Возвращение Мастера и Маргариты - Людмила Бояджиева
Шрифт:
Интервал:
Закладка:
– Вот ты у меня и герой, мальчик.
– Сегодня мы с тобой пировать будем! – подмигнул он с давно забытой веселостью.
Собрав все имеющиеся дома деньги, "герой" умчался в магазины. Когда он появился, нагруженный пакетами и сумками, за столом, сложив по школьному руки и неподвижно глядя на чашечку с кофейной гущей, сидел Амперс. Бабушка усердно перебирала в коробочке мотки ниток. Пахло "валокардином".
– Смотрите–ка, что я притащил! – Максим стал выгружать на стол невиданные в их доме деликатесы.
– Сядь, – остановила его Варюша, отбирая покупки. Из пакета посыпались и разбежались по полу крупные блестящие мандарины.
– Что–то произошло? – наконец понял он.
– Умоляю тебя, Макс, без эмоций! Надо взять себя в руки и все быстро обговорить. Они скоро будут здесь, – мучительно поморщился Амперс.
– Господи… Кто?
– Излагаю факты. Собранные во время марафона деньги остались до утра в подвальной подсобке. Там дежурил парень из охраны.
– Их даже пересчитать не успели. Целые ящики. Надо срочно отправить машину в банк.

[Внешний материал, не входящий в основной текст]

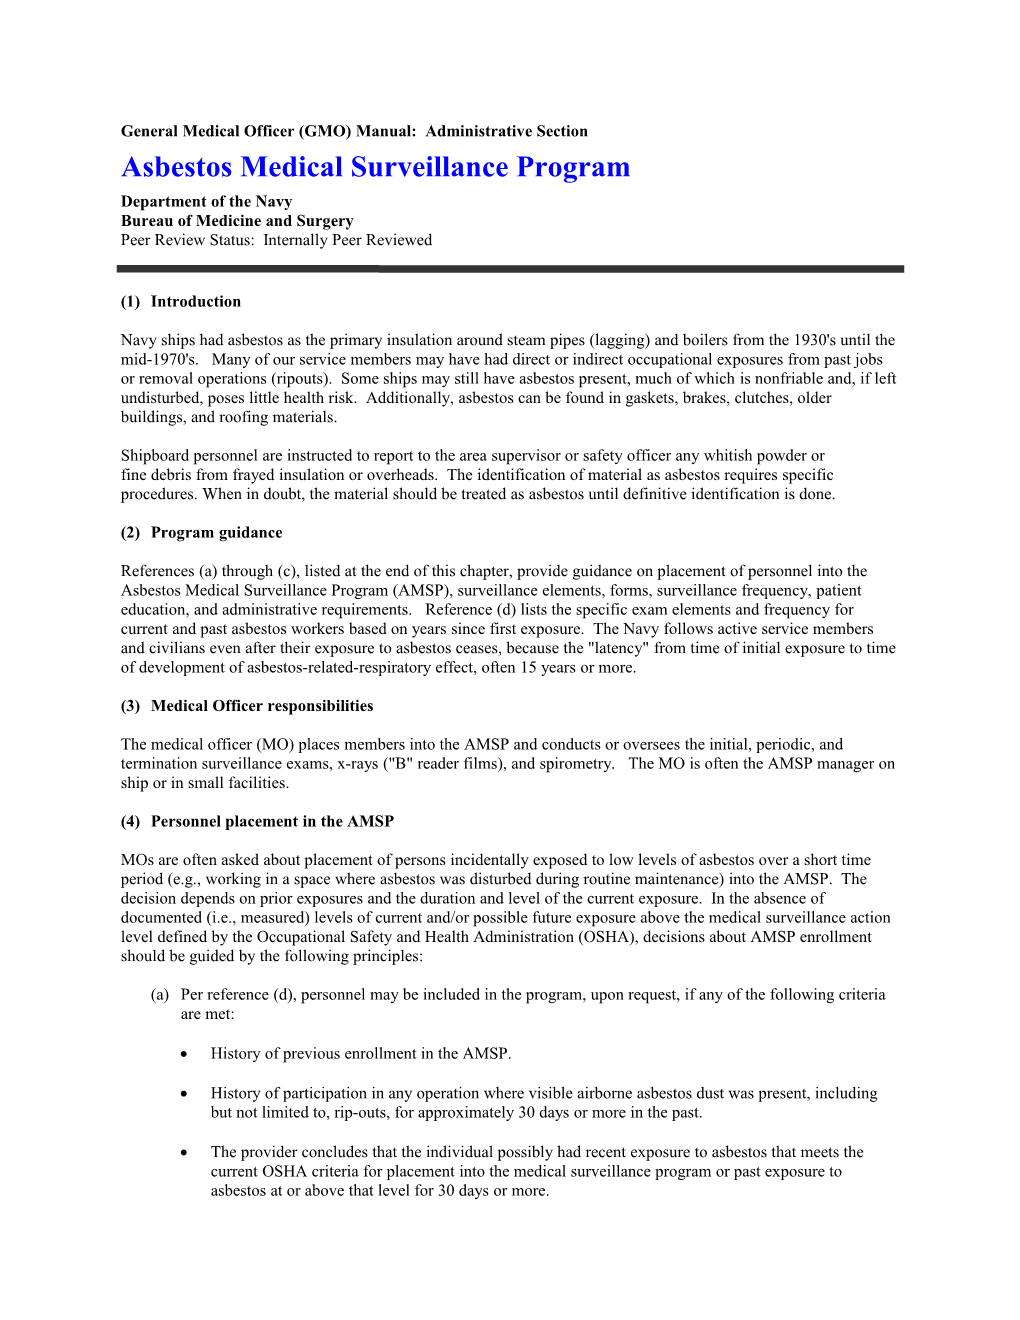 General Medical Officer (GMO) Manual: Asbestos Medical Surveillance Program

– Не надо. Деньги уже забрали. Охранник убит. Действовали профессионалы. Обнаружили в десять утра. На месте преступления работают менты.
– Не найдут… – схватился за голову Максим.
– Никого не найдут… Сосредоточься: Пальцев – твой покровитель и мой компаньон – исчез. Вместе со счетами "Музы".
– Ого! – Максим рухнул на стул.
– Его заместитель Вадим Савченко, мой давний приятель и, в общем, близкий человек… – губы Амперса дернулись, он ткнулся лицом в ладони, не договорив.
В дверь зазвонили специфически требовательно.
– Денис Акимович Лущенко. Следователь, – представился Максиму симпатичный мужчина в дубленке нараспашку. Перехватив кофе и покряхтев насчет погоды, бандитского беспредела и служебных тягот, Денис Акимович перешел к делу:
– Господина Савченко – содиректора банка и ближайшего помощника исчезнувшего Пальцева нашли мертвым на пустыре возле дома рано утром. Над ним скулил, дергая повод, дрожащий доберман…Ну, рука–то окоченела, а ремешок петлей… Стреляли в спину, с небольшого расстояния… Кто–то знал, когда и где он выгуливает пса… Ничего определенного пока сказать нельзя. Нам известно, что именно по рекомендации Пальцева вам предоставили довольно значительный пост на телевидении. С подачи того же Пальцева руководитель канала поручил вам провести марафон. Деньги марафона исчезли, Пальцев тоже… Логика есть?
– Разумеется. Только я не знал, что моей работой из–за спины непосредственного начальства руководит Пальцев.
– Возможно, вас подставили, – устало вздохнул Лущенко. – Сочувствую, Максим Михайлович. Выбраться вам будет не просто.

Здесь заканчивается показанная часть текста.